> _EXERCISE DESCRIPTION_: Your copy should match the listing below word for word, with no images in it.

> _GIVEN INFORMATION_:
* * * *
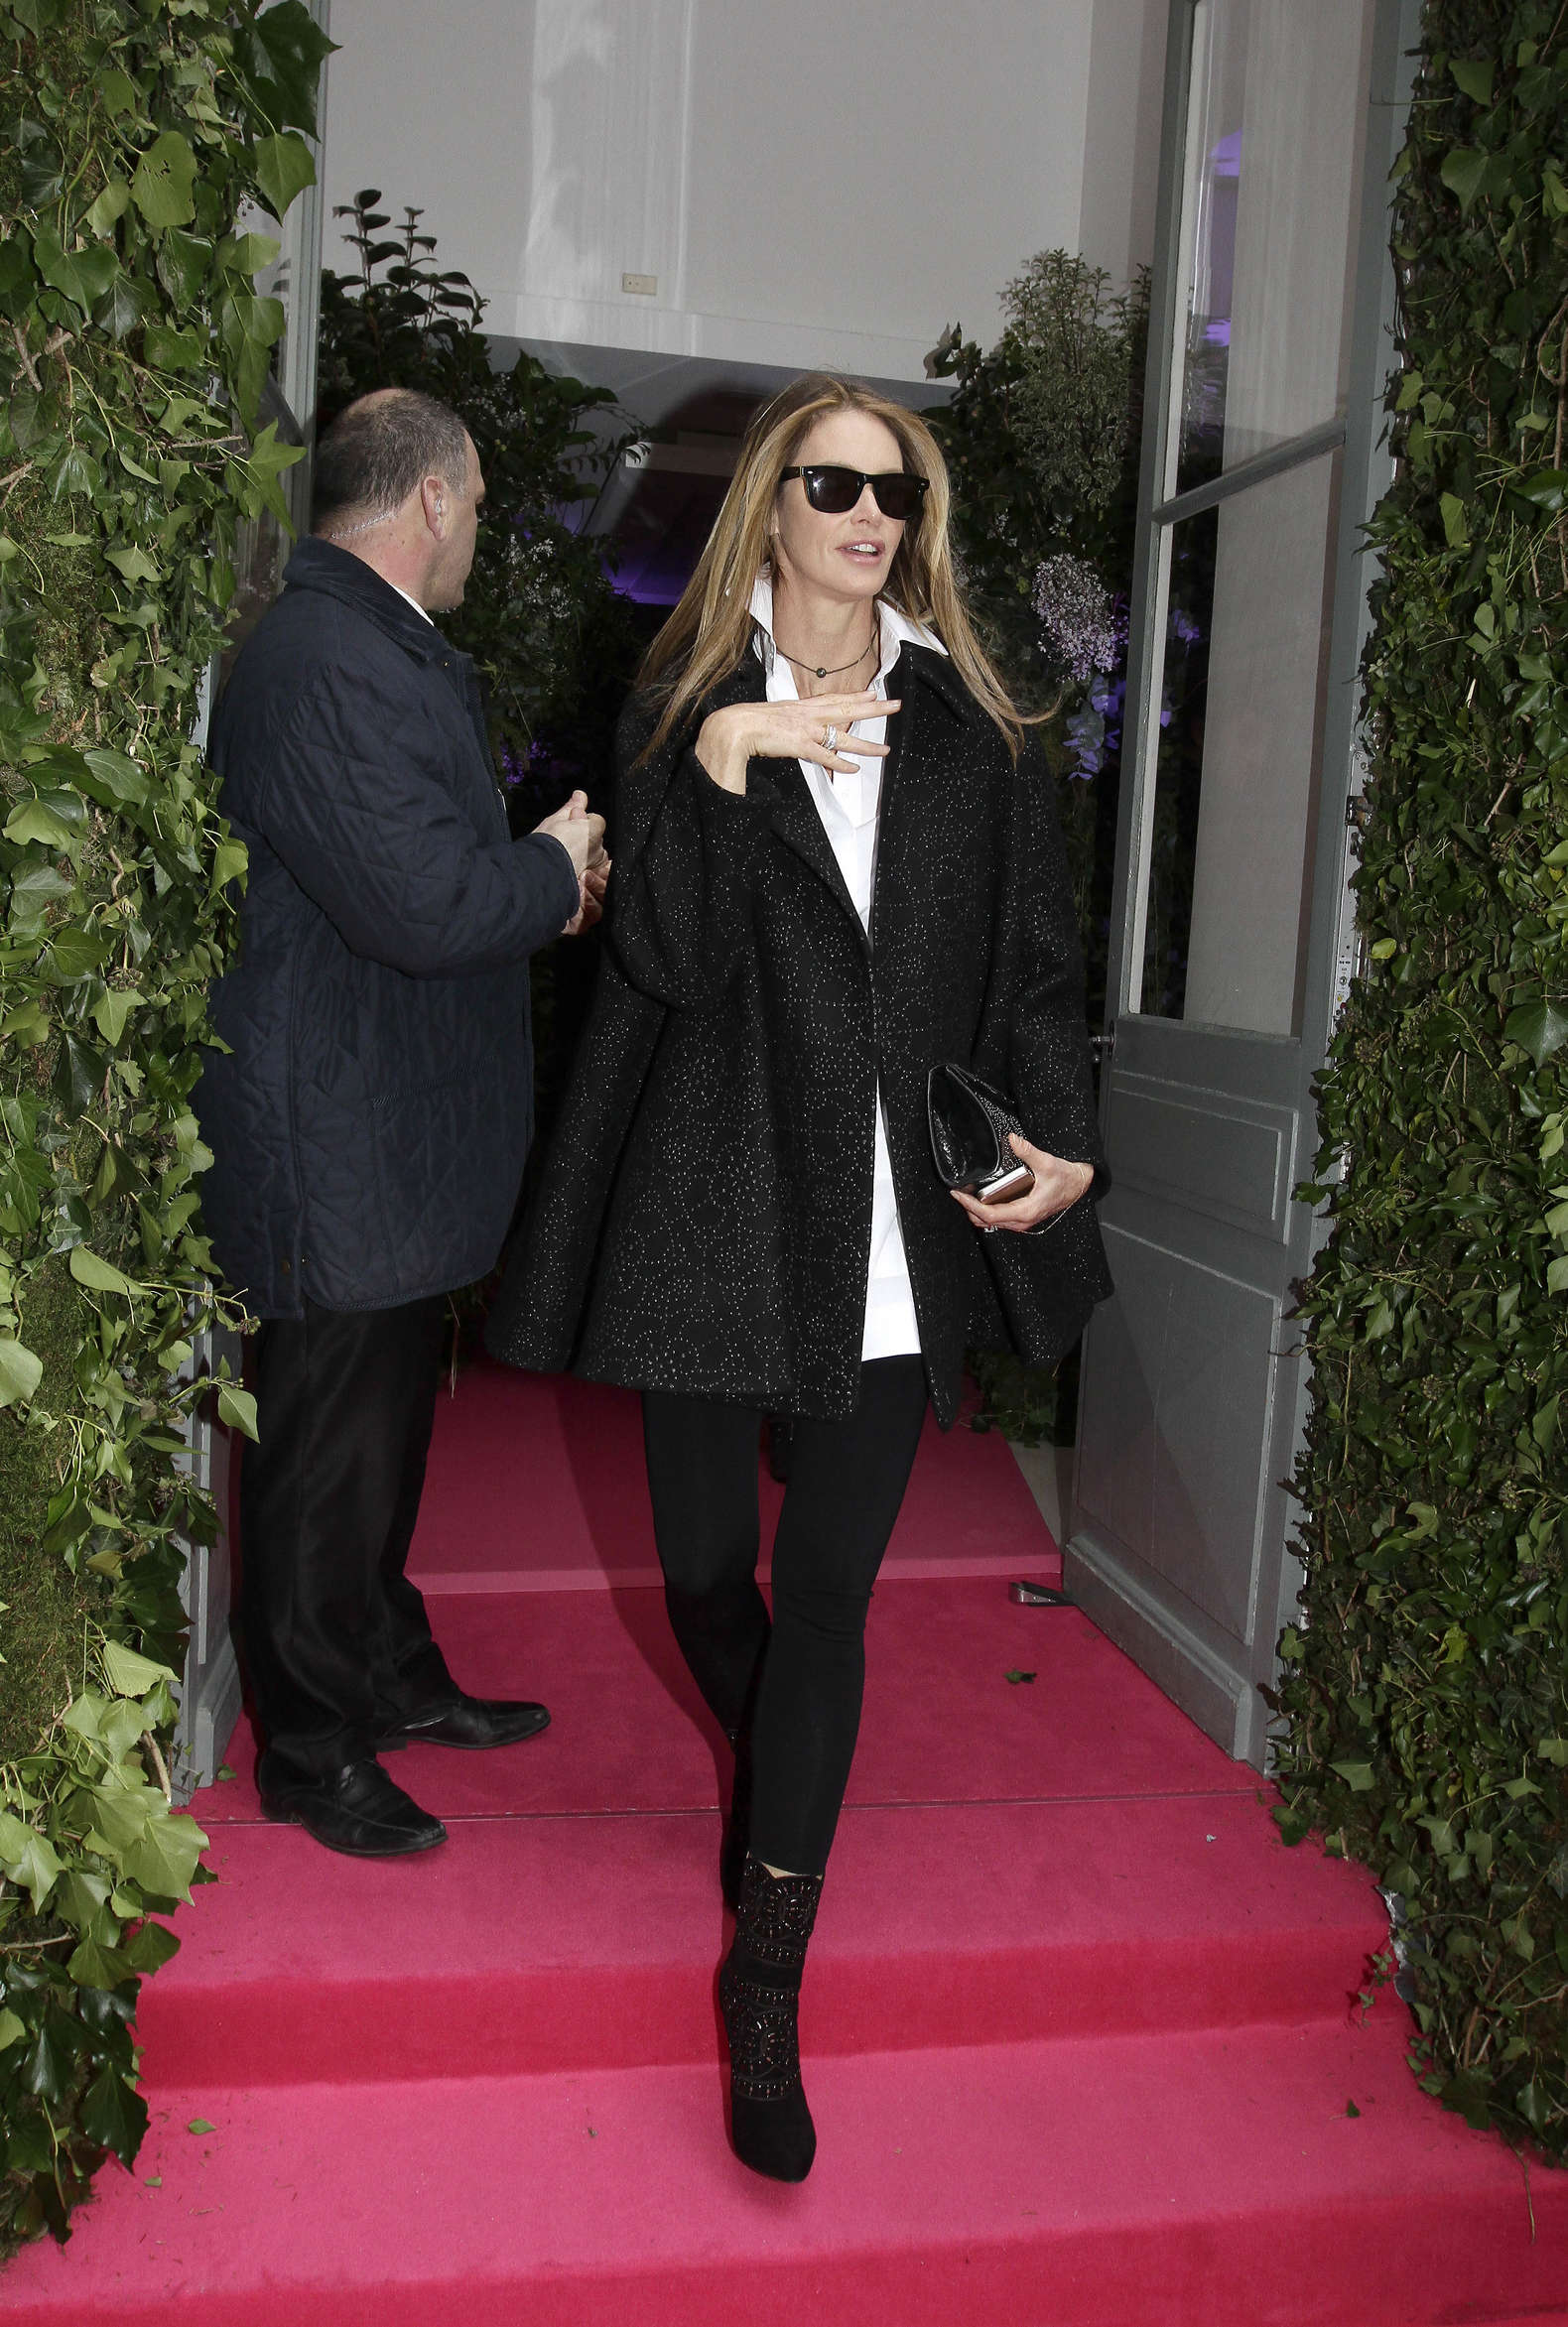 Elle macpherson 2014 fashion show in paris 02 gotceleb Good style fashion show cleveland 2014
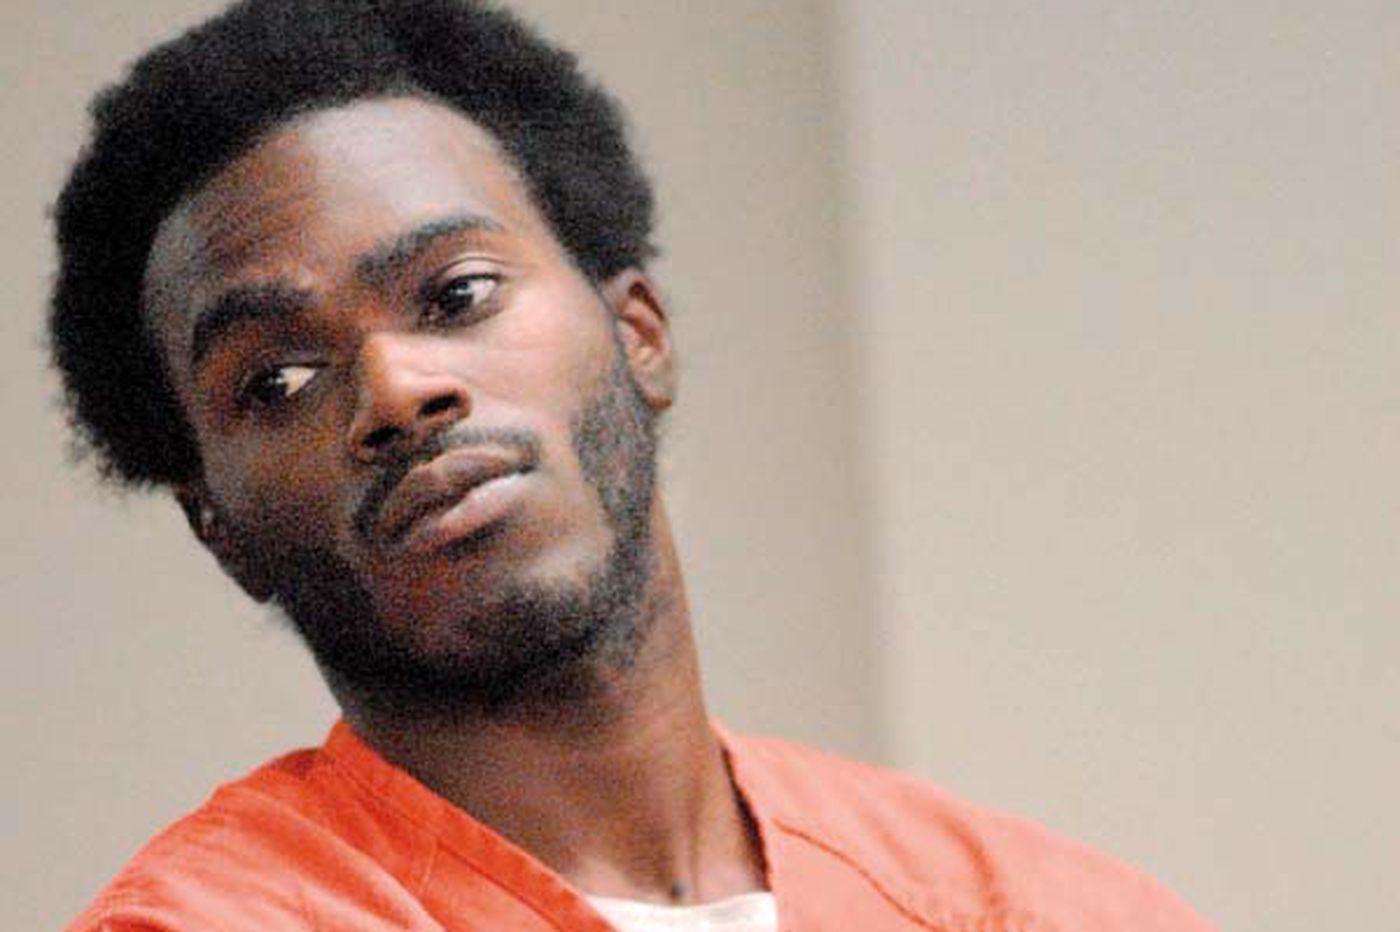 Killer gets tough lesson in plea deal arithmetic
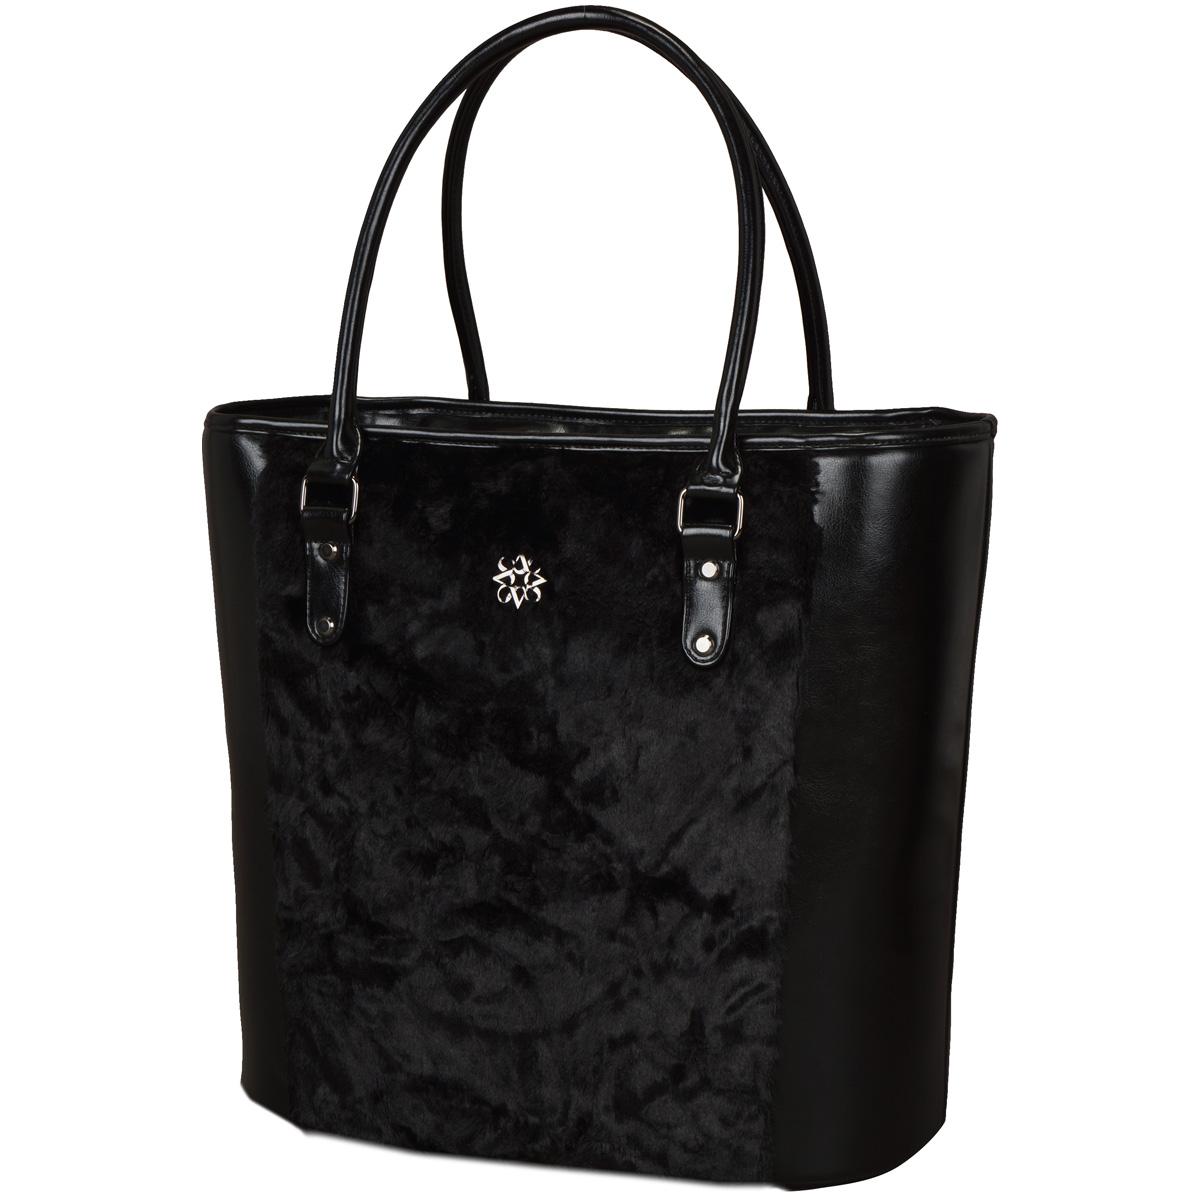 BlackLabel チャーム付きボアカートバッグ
* * * *
> _RESULT BELOW_:
 Elle macpherson 2014 fashion show in paris 02 gotceleb Good style fashion show cleveland 2014
 Killer gets tough lesson in plea deal arithmetic
 BlackLabel チャーム付きボアカートバッグ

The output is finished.